What to double-check

Before release, review these areas that teams often miss even after they have written good prompts.

Prompt architecture

  • Are system instructions concise, prioritized, and free of conflicting rules?
  • Is untrusted content clearly delimited from instructions?
  • Have you avoided placing sensitive business logic only in natural language when a code-level rule would be stronger?

Model I/O controls

  • Do you validate model outputs before they trigger downstream workflows?
  • Are you using schemas for structured output JSON rather than regex-only parsing?
  • Do tool calls fail closed when arguments are missing or malformed?

Retrieval and data pipeline

  • Can users retrieve only documents they are authorized to view?
  • Do ingestion jobs normalize risky formats and capture metadata useful for filtering?
  • Have you tested with adversarial chunks, poisoned summaries, and noisy source material?

Observability and evaluation

  • Can you inspect which retrieved chunks, tool outputs, or user inputs were present during a risky response?
  • Do you track prompt versions and model versions so regressions are explainable?
  • Do you run security-focused evaluations alongside quality evaluations?

This is where a prompt testing framework becomes useful. You are not only testing answer quality; you are testing whether your app resists manipulation under realistic conditions.

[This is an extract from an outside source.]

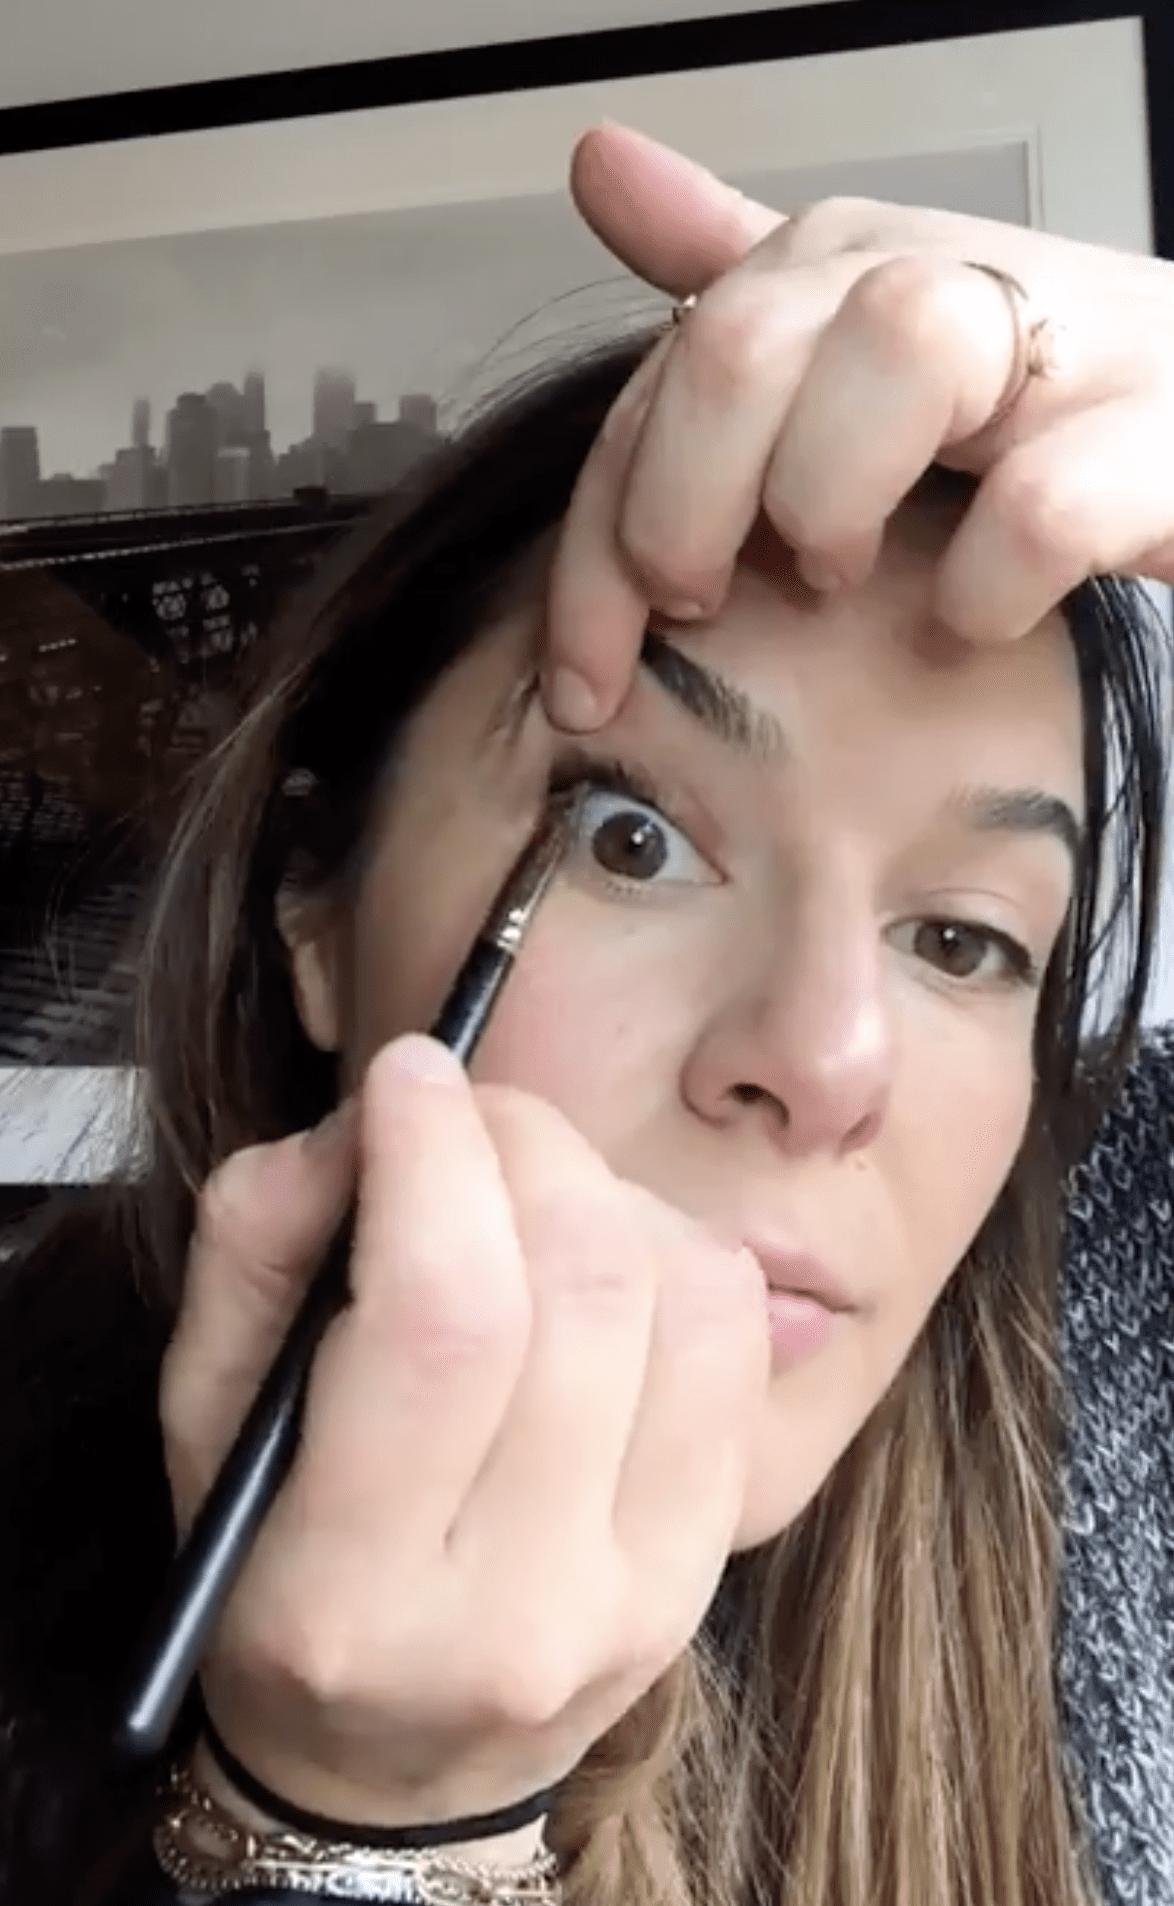 makeup artist Jenna Menard tightlining her eyes

Useful references include Prompt Testing Frameworks Compared: LangSmith, Promptfoo, TruLens, DeepEval, and More, Prompt Testing Frameworks for LLM Apps: Features, Tradeoffs, and How to Choose, and Best LLM Evaluation Tools for Developers: Features, Pricing, and When to Use Each.

Operational safeguards

  • Do approval flows exist for sensitive operations?
  • Can you disable a tool, prompt, model, or data source quickly if a new attack pattern appears?
  • Are caches reviewed for leakage risks, especially if semantic or retrieval caches are shared across users?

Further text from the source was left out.